Have you ever heard of Moat? I imagine not - only the people that live and work here really know anything about it. Yet it's right here, a radar station at the End of the World. The southernmost point in the Americas which can be reached by car. Further south than Ushuaia, the archetypal pan-South American expedition destination; further south than Puerto Williams; and about 10 miles north of Puerto Toro, the southernmost settlement of the world, outside of the Antarctic, which lies on the island of Navarino.

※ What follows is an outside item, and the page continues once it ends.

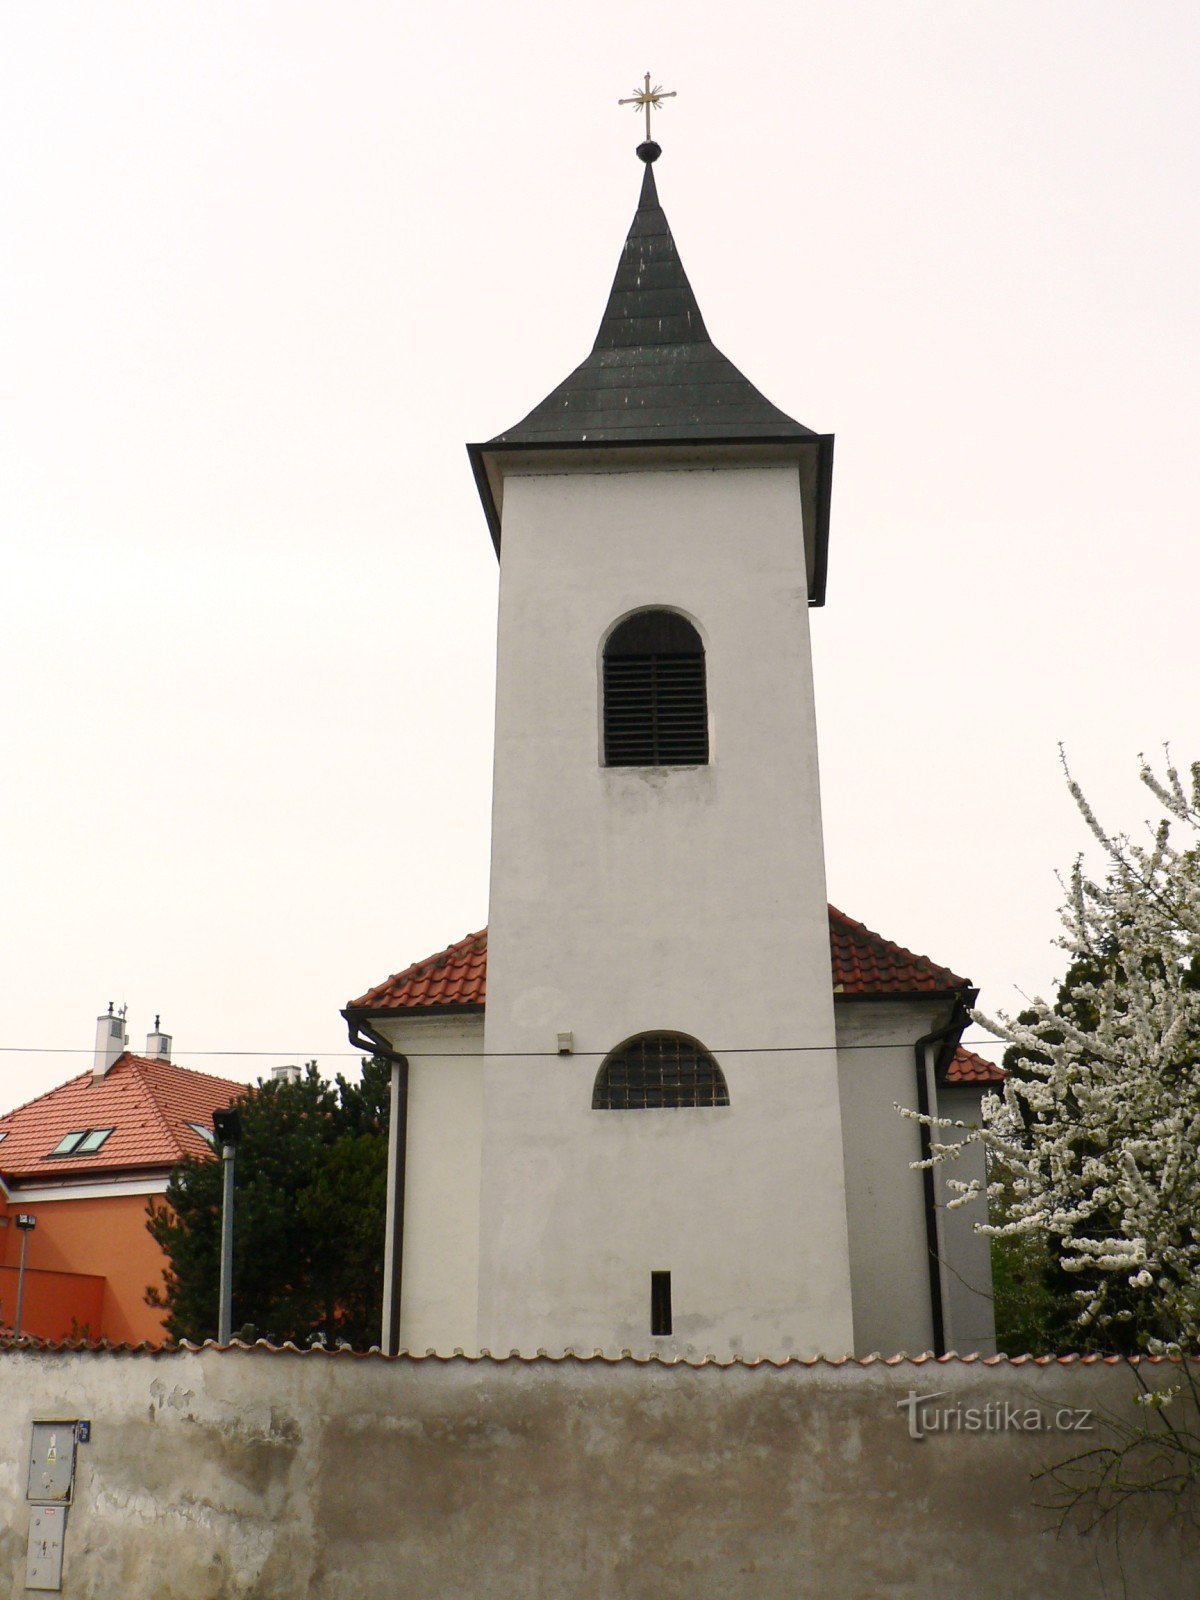 Hrnčíře (Prag) - Crkva sv. Prokopije

A few meters below, at the foot of the cliff on which we stand, the Beagle Channel pounds ancient rocks and the bleached bones of dead trees. Whales attack humans here, that’s how wild it is here. A chill south wind is the only noise alongside the humming of the antennas of a radar station belonging to the Argentine Navy. It is the last outpost at the end of the last leg of our journey. An epic journey.
Sixteen and a half thousand kilometers across the whole of South America in two Trabants, a tiny Polish Fiat 126 Maluch and a Jawa 250 bike from 1957. We are Czechs, Poles and Slovaks heading into Guyana, Brazil, Peru, Bolivia, Chile and Argentina. What's the point, you may ask? Well, asking that is just nonsense. We wanted one thing - to demonstrate that when you want something, you can achieve it. Fulfill your dreams and kick back at those who question you.

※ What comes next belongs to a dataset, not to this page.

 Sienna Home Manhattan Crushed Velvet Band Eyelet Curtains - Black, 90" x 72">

They told us that our group simply could not pass across the Amazonian rainforest standing in our way. They said that our undersized 2-stroke engines would not work over four thousand meters. We faced “death” roads on the side of mountains and a brutal drug mafia who might just take our lives for kicks. We laughed, outwardly displaying bravado but, inwardly, secretly afraid.
And now, peering at us, is the perplexed attendant of a radar station, the lighthouse at the end of our new world. We smile apologetically at him. After all, we have just entered a military installation with a motorised column that is anything but camouflaged. Instead of opening fire, he invites us further, perhaps stunned to see us and even curious. Inside is quiet and flooded with light. Antennas outside, the radar screen is all flickering flashes and he talks softly to himself, or into a radio, in Spanish and alongside the only person in this strange place at the end of the world, we brew tea. Outside, the wind buffets our small military building and the waves crash against the rocks whilst we play hot tin.